Episode 3

「え、ちょっとまって」「まって」

「アリシア?レイちゃん?」

二人の発言に、俺は首を傾げる。

どうしたというのだろう。

「「ずるい」」

「なにがだ?」

「たしかに、ごめんなさい。買い物はみんなでいきましょう」

「「はい、みんなで」」

なるほど、俺は間違えていたようだ。

たしかに、平等ではなかった。

俺は、彼女たちを平等に愛していこう。そう思っていたのに。

出かけるのは、一人だけ。とは可笑しなものだ。

「ああ、すまない。気づかずに。

では、もうひとつ決めたいことがあるんだがいいかな?」

「「「はい」」」

決めたいこと。
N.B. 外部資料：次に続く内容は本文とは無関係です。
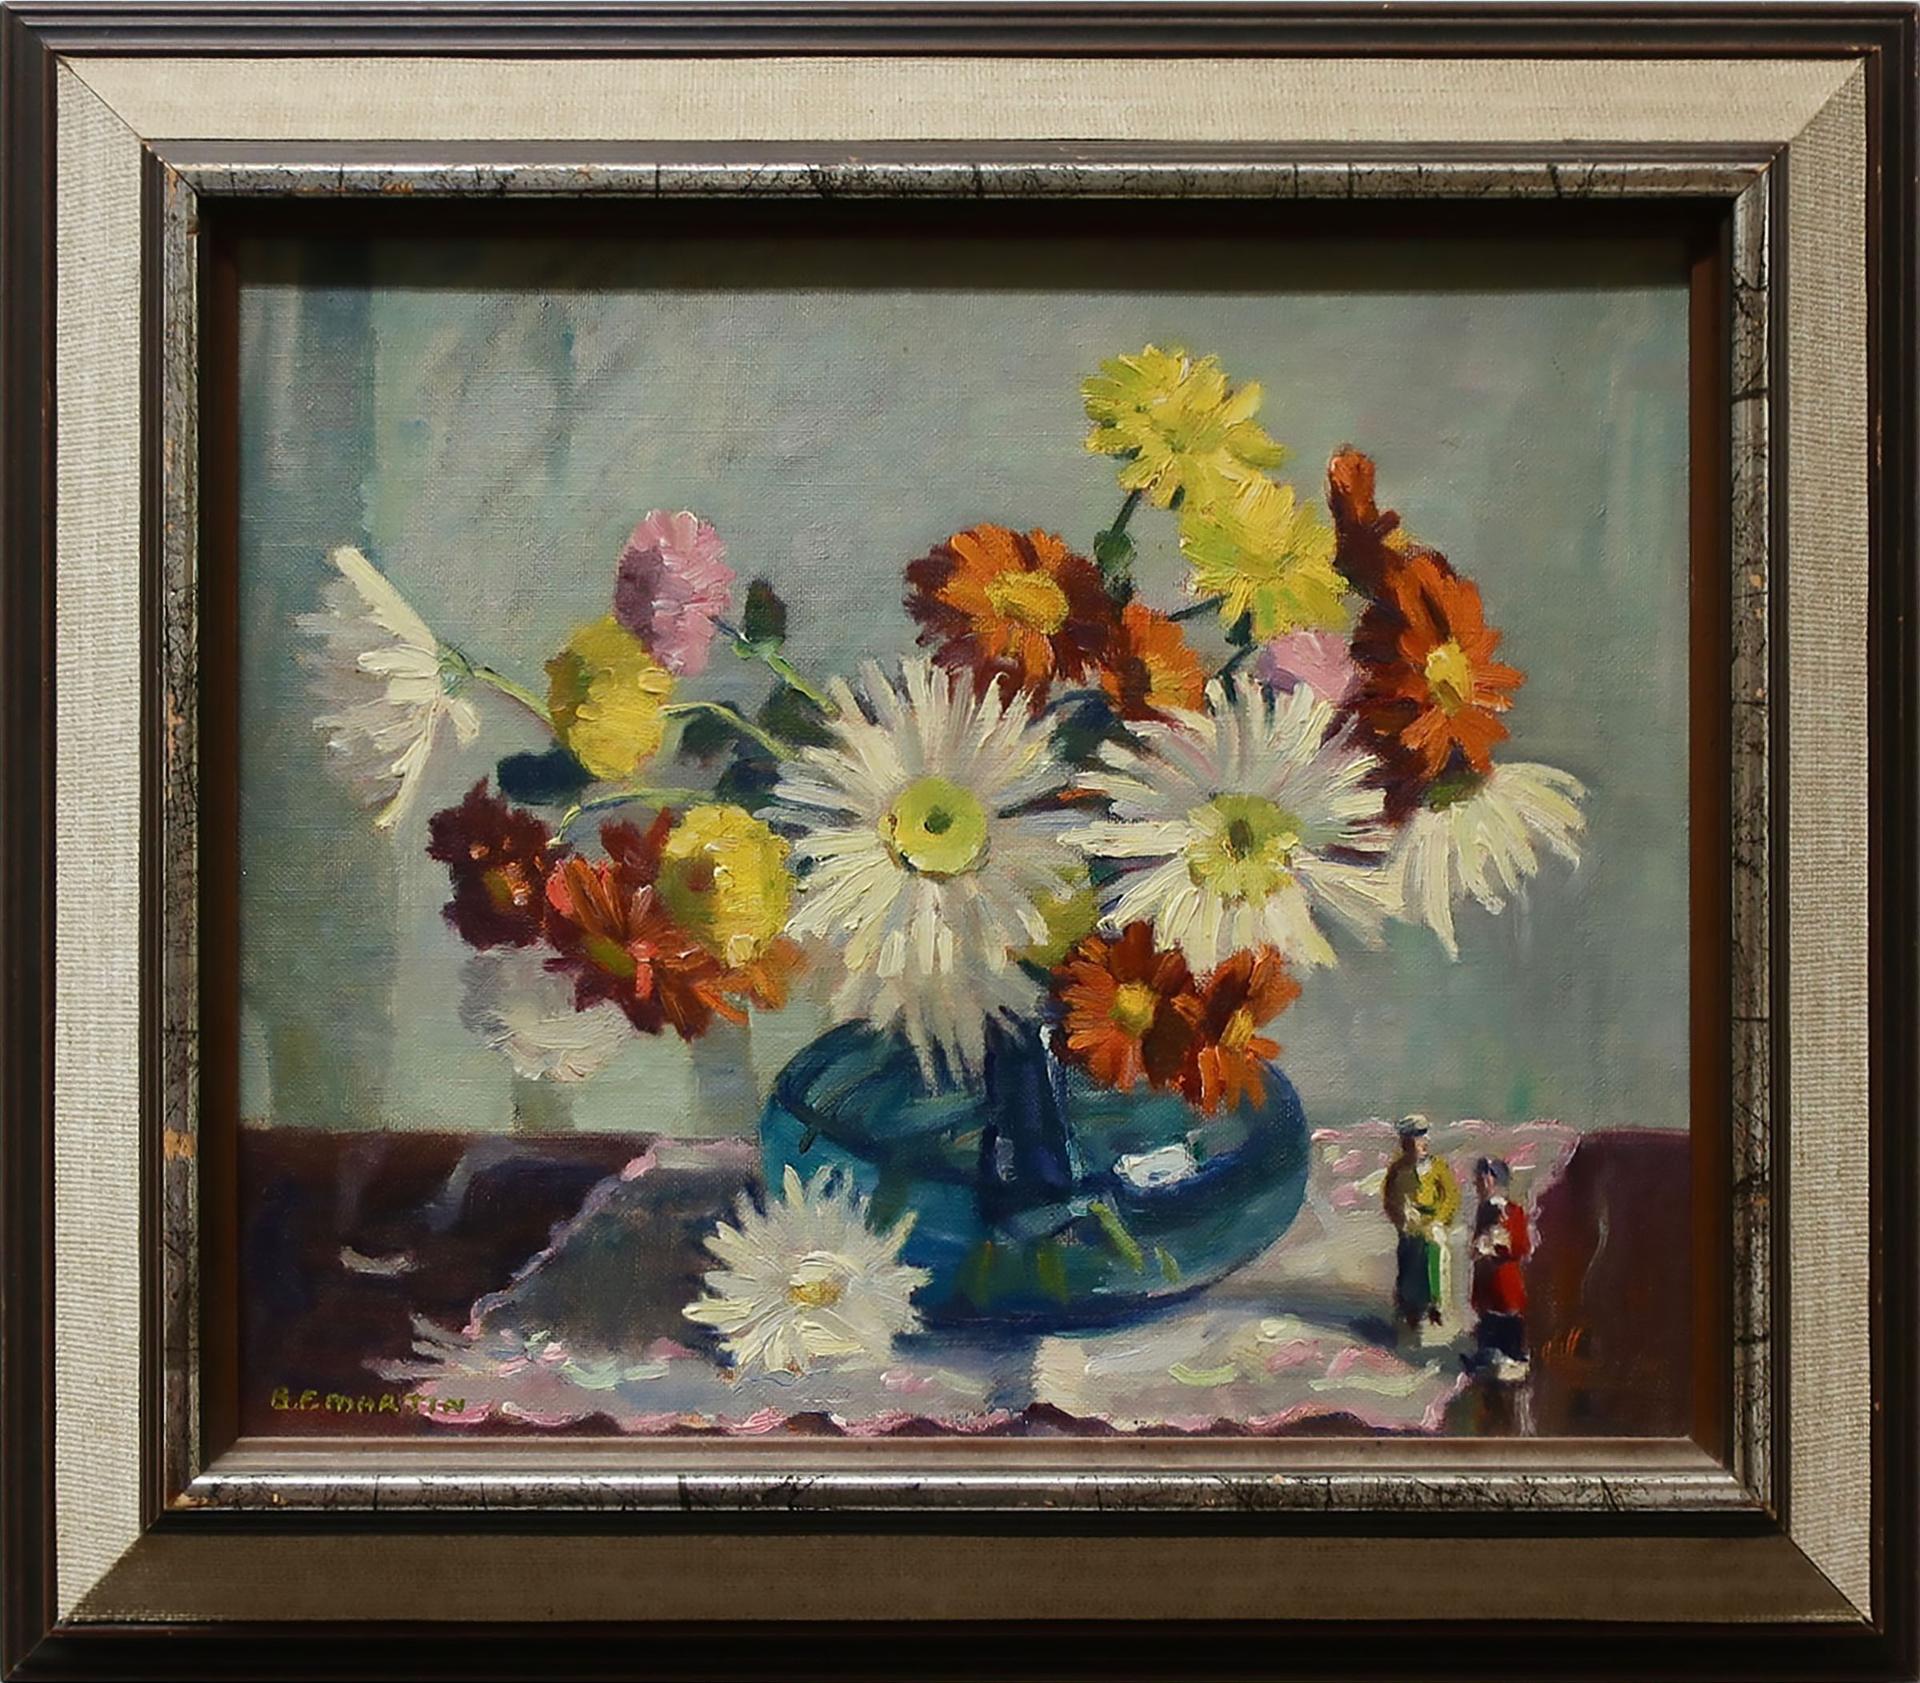 Bernice Fenwick Martin (1902-1999) - Untitled (Daisies In A Blue Glass Jug With Figurines)

それは、交友。

今の時代、一日の労働はせいぜい数時間程度である。

自宅から行うことができるほど。

在宅ワークが基本である。

だから、交友する時間はたくさんある。

実際は、買い物すらお店に赴くということですらない。

メタバースが現実化した今の時代は、自宅にいて世界のどんなとこにでも行くことができる。

買い物をしてもすぐに荷物は届く。

ただ、人間らしい生活というのはメタバースの中だけにあるわけではない。

人と人との温もりや実際に体験したことが生活を盤石として行く。

「交友する時間をどうするかだが」

「減速領域で「却下だ」」

「「え?ではどうするのですか?」」

減速領域といのは、時間の経過を現実の時間よりも遅くするメタバースの機能だ。

「交友は、現実世界で行いたいんだ」

「性行為ということですか?」

さくらがそういったが俺は首を横に振る。

俺は、手を伸ばしさくらの髪をなぞり、頭を撫でる。

彼女は、「あっ」と小さな声を漏らす。

「スキンシップといえばいいだろうか。

君たちの温もりを感じたいんだ」

「なぜ、そんな非合理的なことをするの?」

「非合理的か・・・言い得て妙だな。

スキンシップは愛情を育む大事なプロセスだよ。

とりあえず、俺は毎日君たちとスキンシップを図るつもりだよ。

それに、さっきの買い物だってスキンシップだと思うけどなぁ。

全てをメタバースに頼ってはダメだと思うんだ」

俺は、彼女たちに意見を言ってみた。

三人がどういう答えを出してくれるのか、楽しみではある。

メタバースは、三次元空間に肉体を投影しているがスキンシップはできない。

触れることができないんだ。

確かに横にいるけど、隣にいる知ってる他人でしかないんだ。

俺は、そう思っている。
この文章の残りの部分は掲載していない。